5. ULTRA CHEAP WEB DEVICES
5 billion people with internet access (Jana, Jolla, Facebook, Datawind and countless Shenzhen manufacturers)
“The thing to look for in the next year is that you have one to two billion Android handsets coming on-line,” Silicon Valley investor Marc Andreessen told Quartz recently. “We’ve never had the ability in our industry to reach five billion people with a computer and now we have the ability to do that. That’s big.”
Since 2000, the number of mobile phones in the developing world has increased by 1,700%, and now many of those people are upgrading to smartphones with data plans that cost as little as $2. The price of an internet-capable smartphone has nowfallen to $50, and in India it’s possible to get tablets like the Aakash 2 for half that. The explosion of smartphone adoption in China, which is now consuming the devices faster than the US, has created openings for unconventional mobile companies like the Finnish/Chinese Jolla. It’s also cementing the dominance of internet giants like Facebook, who have created stripped-down versions of their sites that can be used on a basic feature phone, and persuaded mobile providers to give people access to those sites for free.
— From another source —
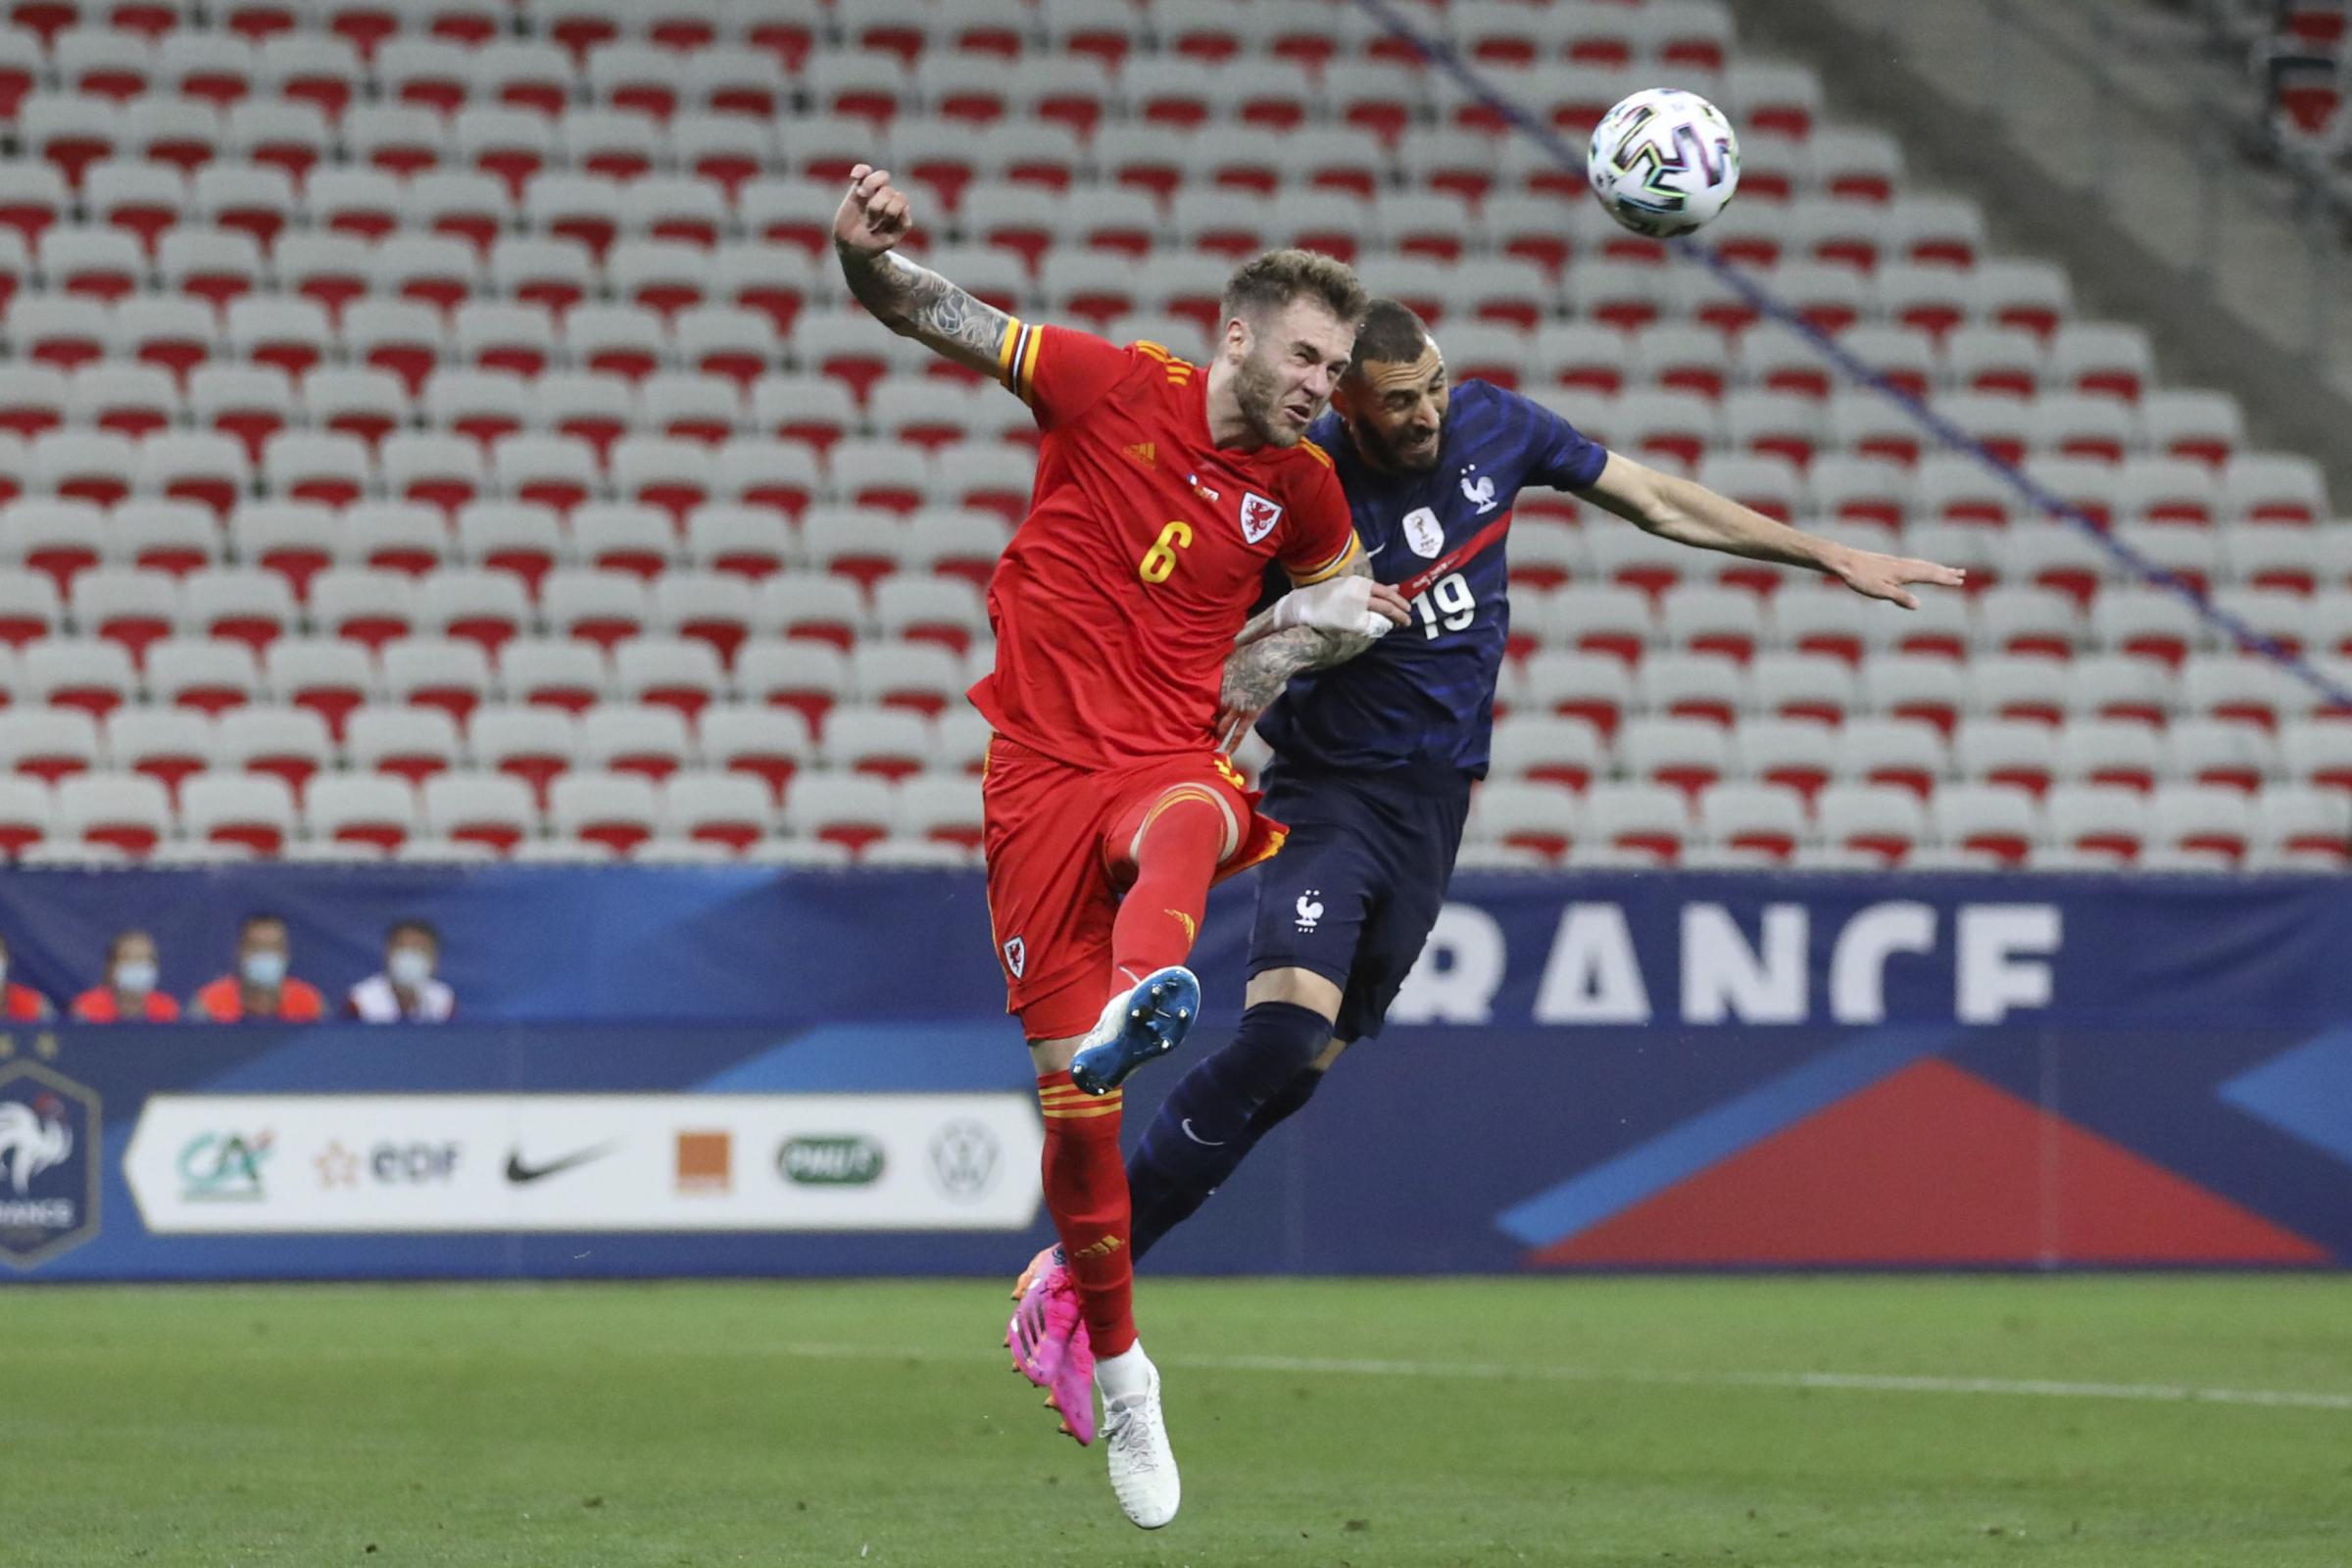 TUSSLE: Centre-back Joe Rodon challenges France’s Karim Benzema

What does it mean that another one or two billion people are encountering the internet for the first time? If the value of the network is proportional to its size, what happens when most of Earth’s inhabitants can tap into a common pool of information and contacts? New internet users aren’t going to necessarily translate into profits for companies like Facebook, but whole new businesses that can reach billions of people, like Jana’s marketing and payments platform, are being synthesized from even the most primitive mobile networks.
But this is also a story about education, economic development, opportunity, government transparency and even revolutions—all of which, pundits argue, could flow from this level of connectedness.